> Available data
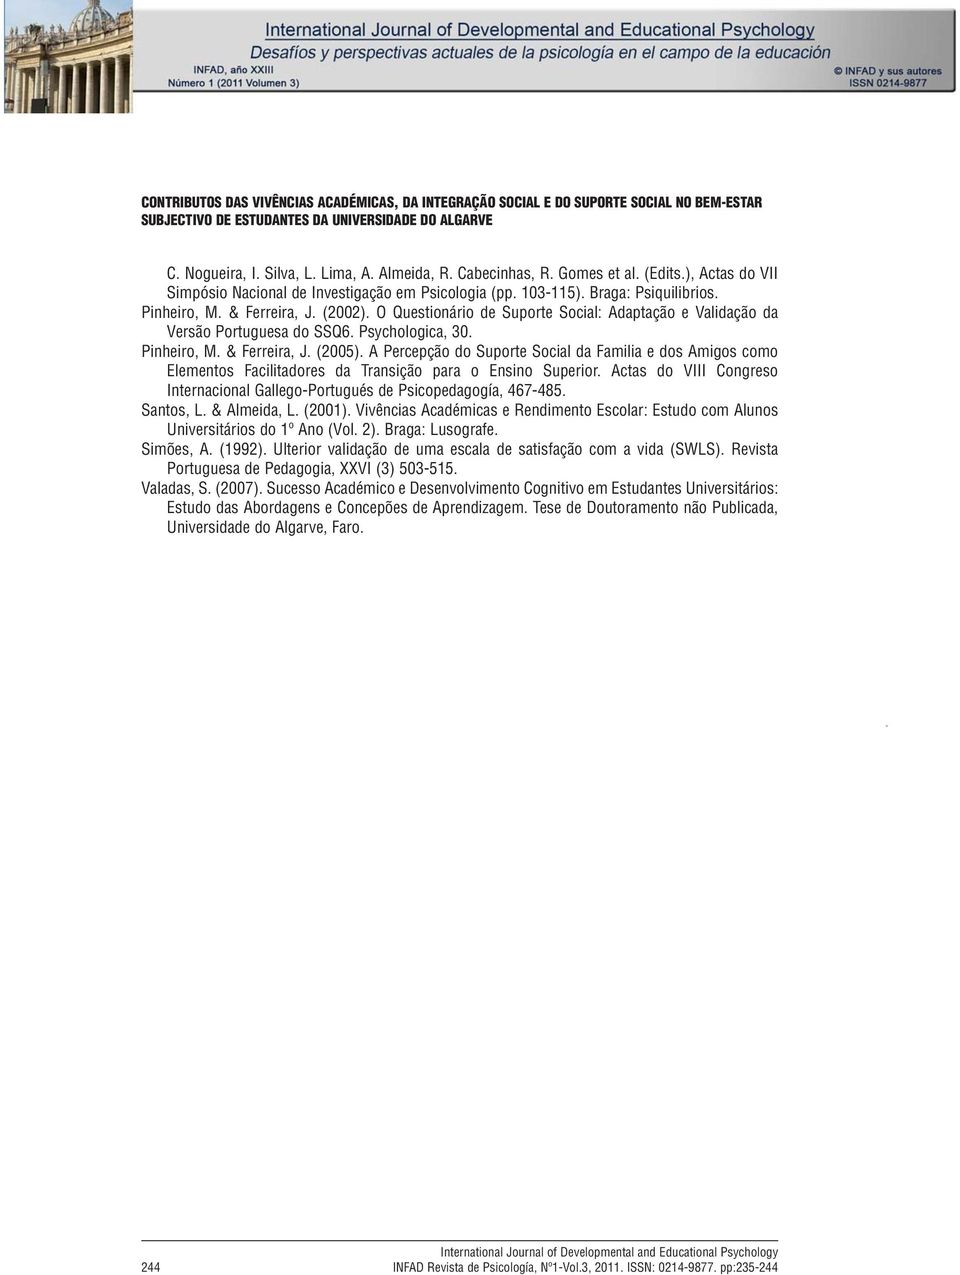 Lima, A. Almeida, R. Cabecinhas, R. Gomes et al. (Edits.), Actas do VII Simpósio Nacional de Investigação em Psicologia (pp. 103-115). Braga: Psiquilibrios. Pinheiro, M. & Ferreira, J. (2002).
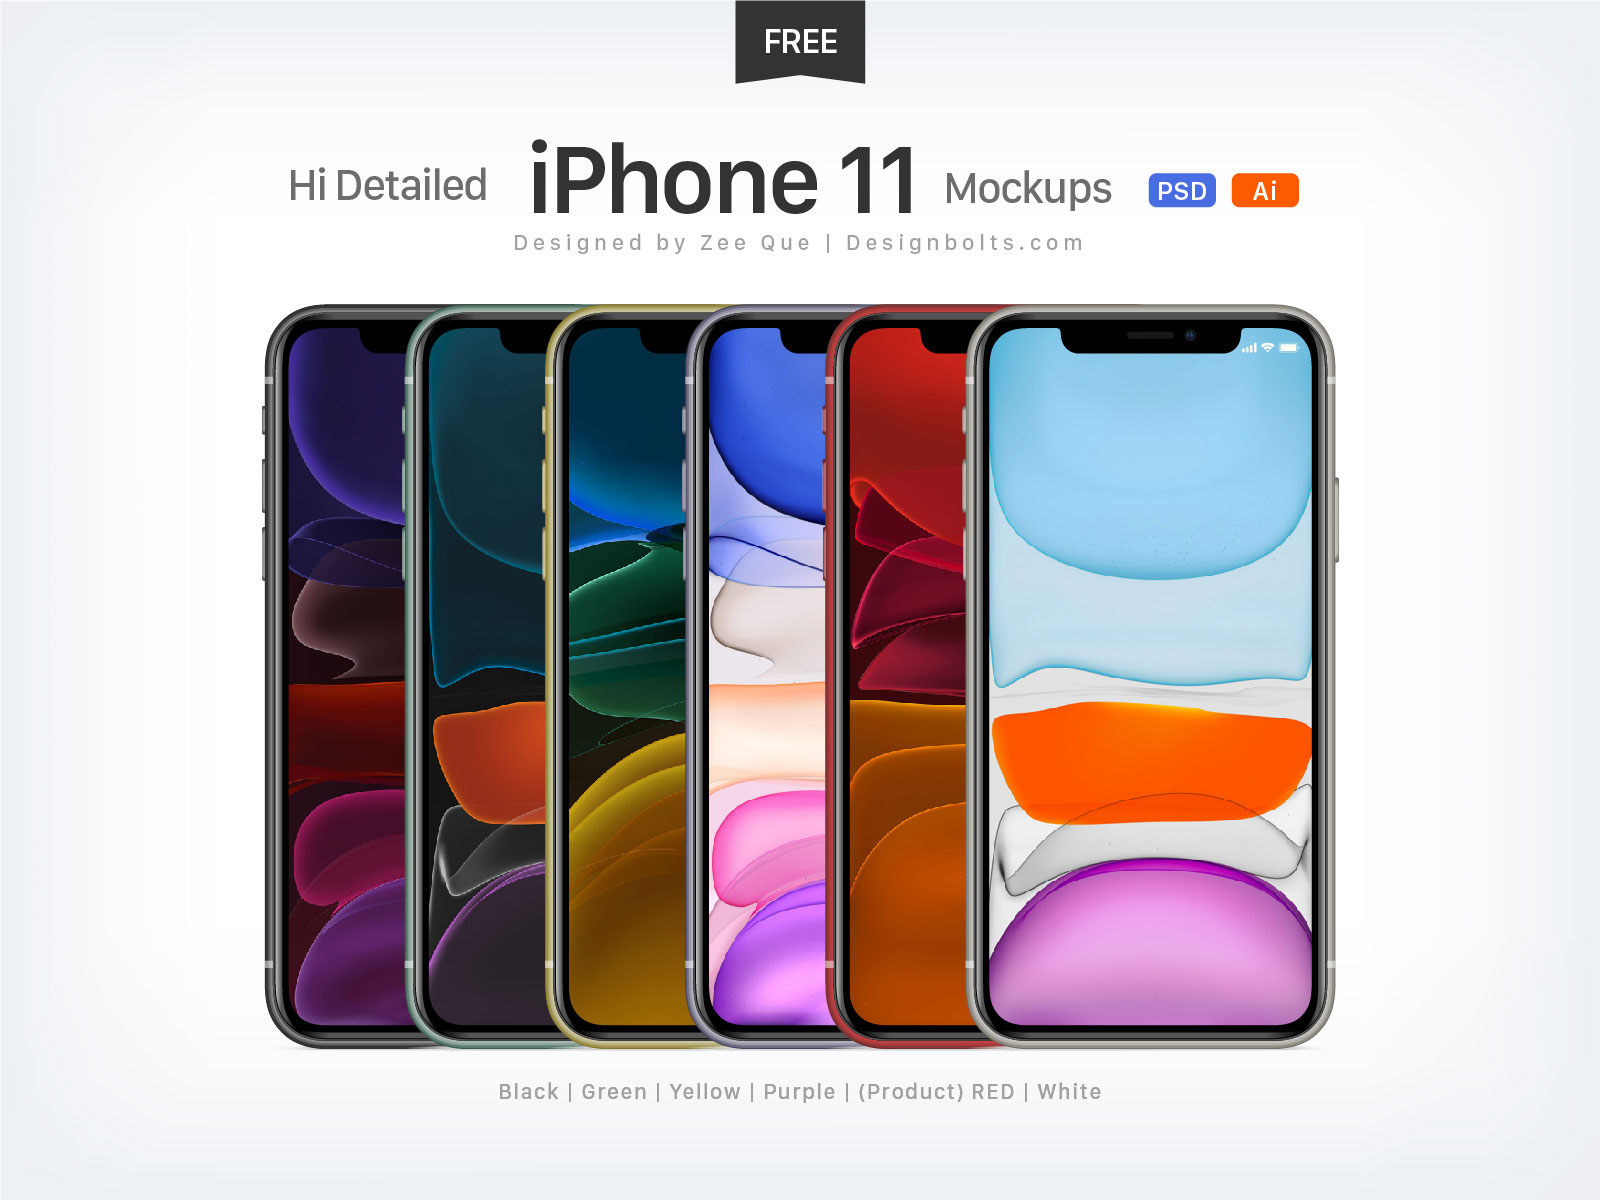 Free-iPhone-11-Mockup-PSD-Ai-1
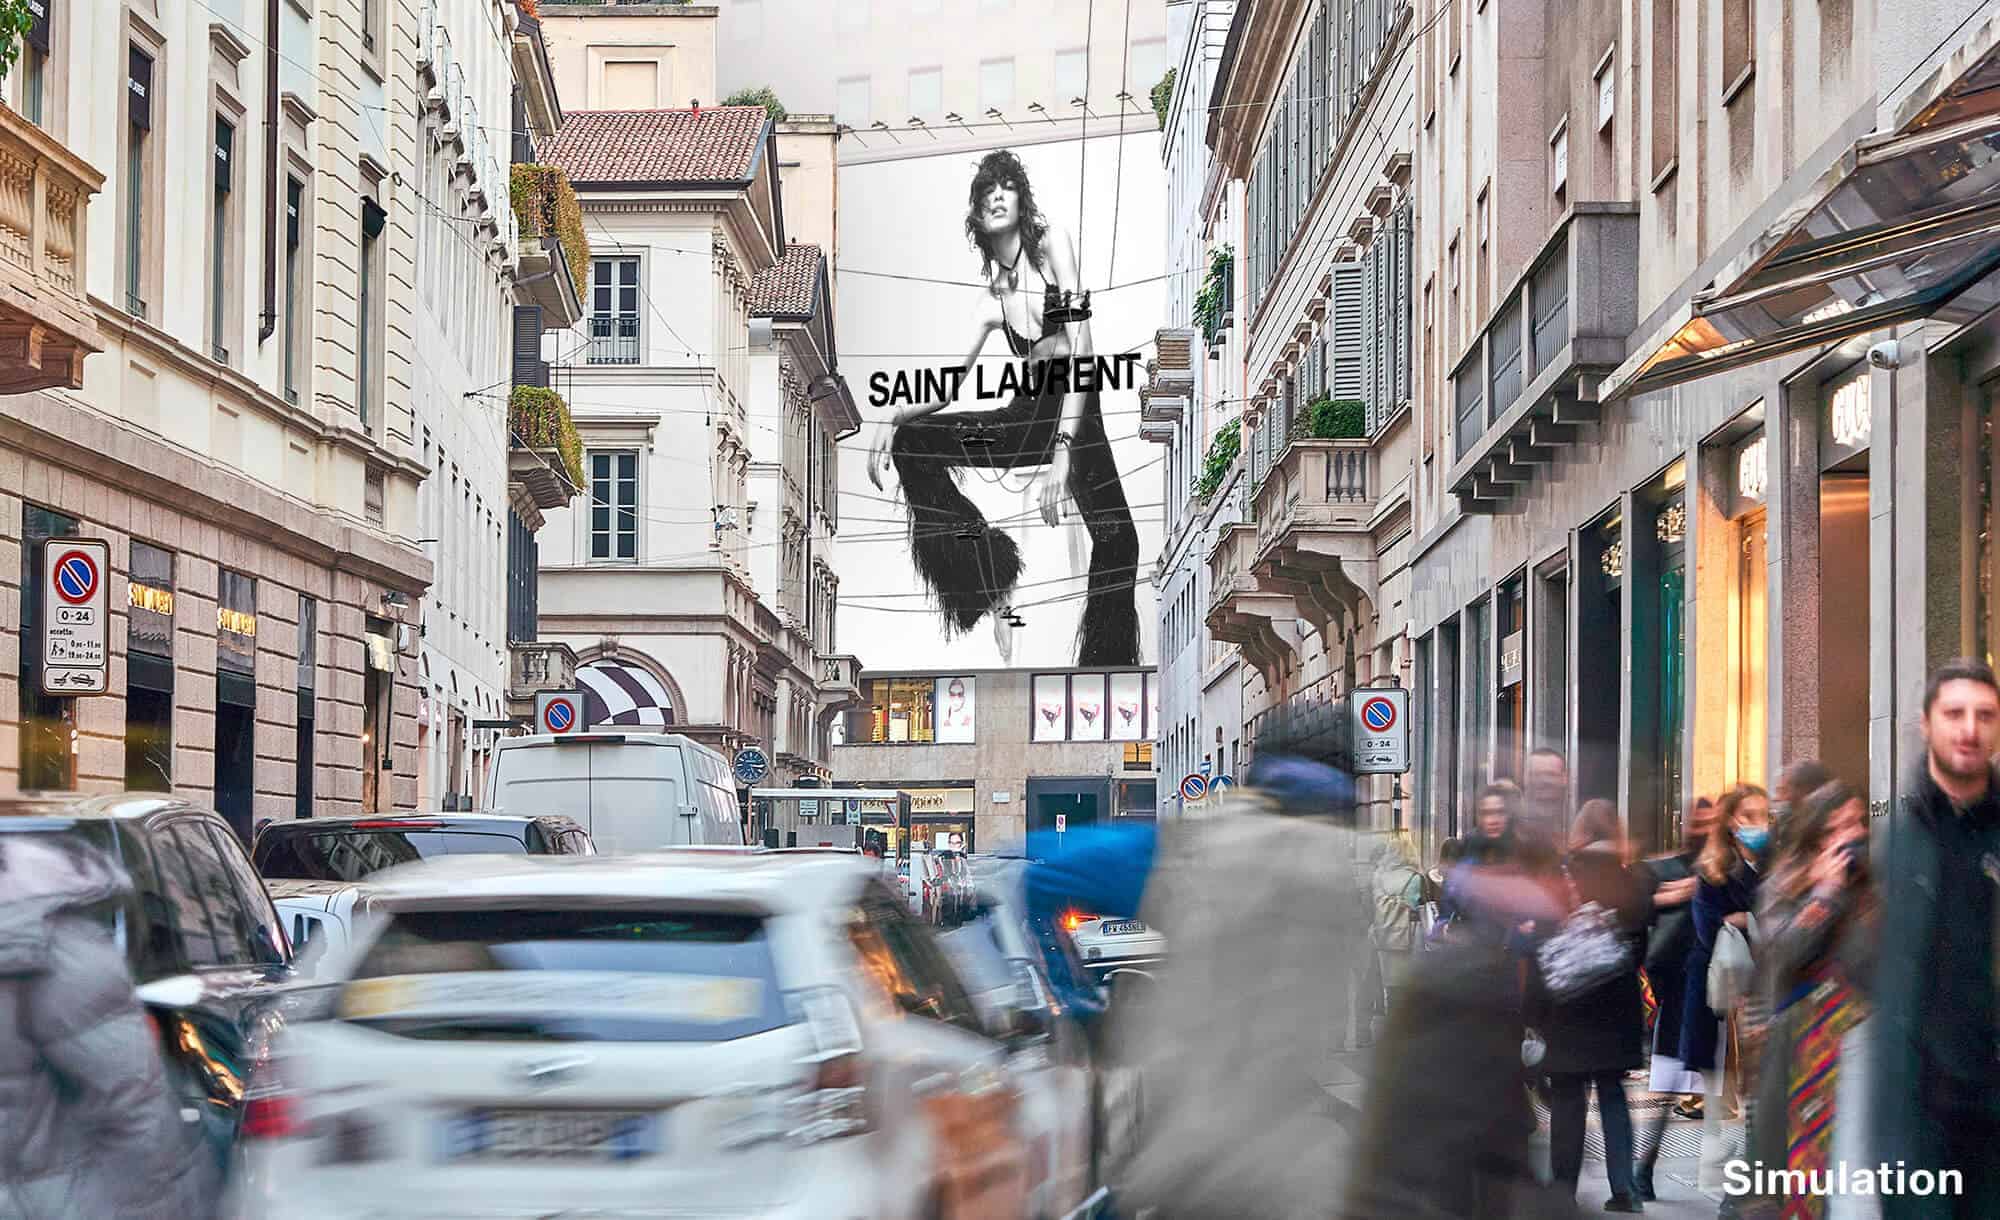 Maxi Affissione a Milano in Corso Matteotti 18/22 con Saint Laurent (fashion)

> Prompt
Copy out the material above in full and exactly; its pictures are not to appear.

> Solved exercise
 Lima, A. Almeida, R. Cabecinhas, R. Gomes et al. (Edits.), Actas do VII Simpósio Nacional de Investigação em Psicologia (pp. 103-115). Braga: Psiquilibrios. Pinheiro, M. & Ferreira, J. (2002).
 Free-iPhone-11-Mockup-PSD-Ai-1
 Maxi Affissione a Milano in Corso Matteotti 18/22 con Saint Laurent (fashion)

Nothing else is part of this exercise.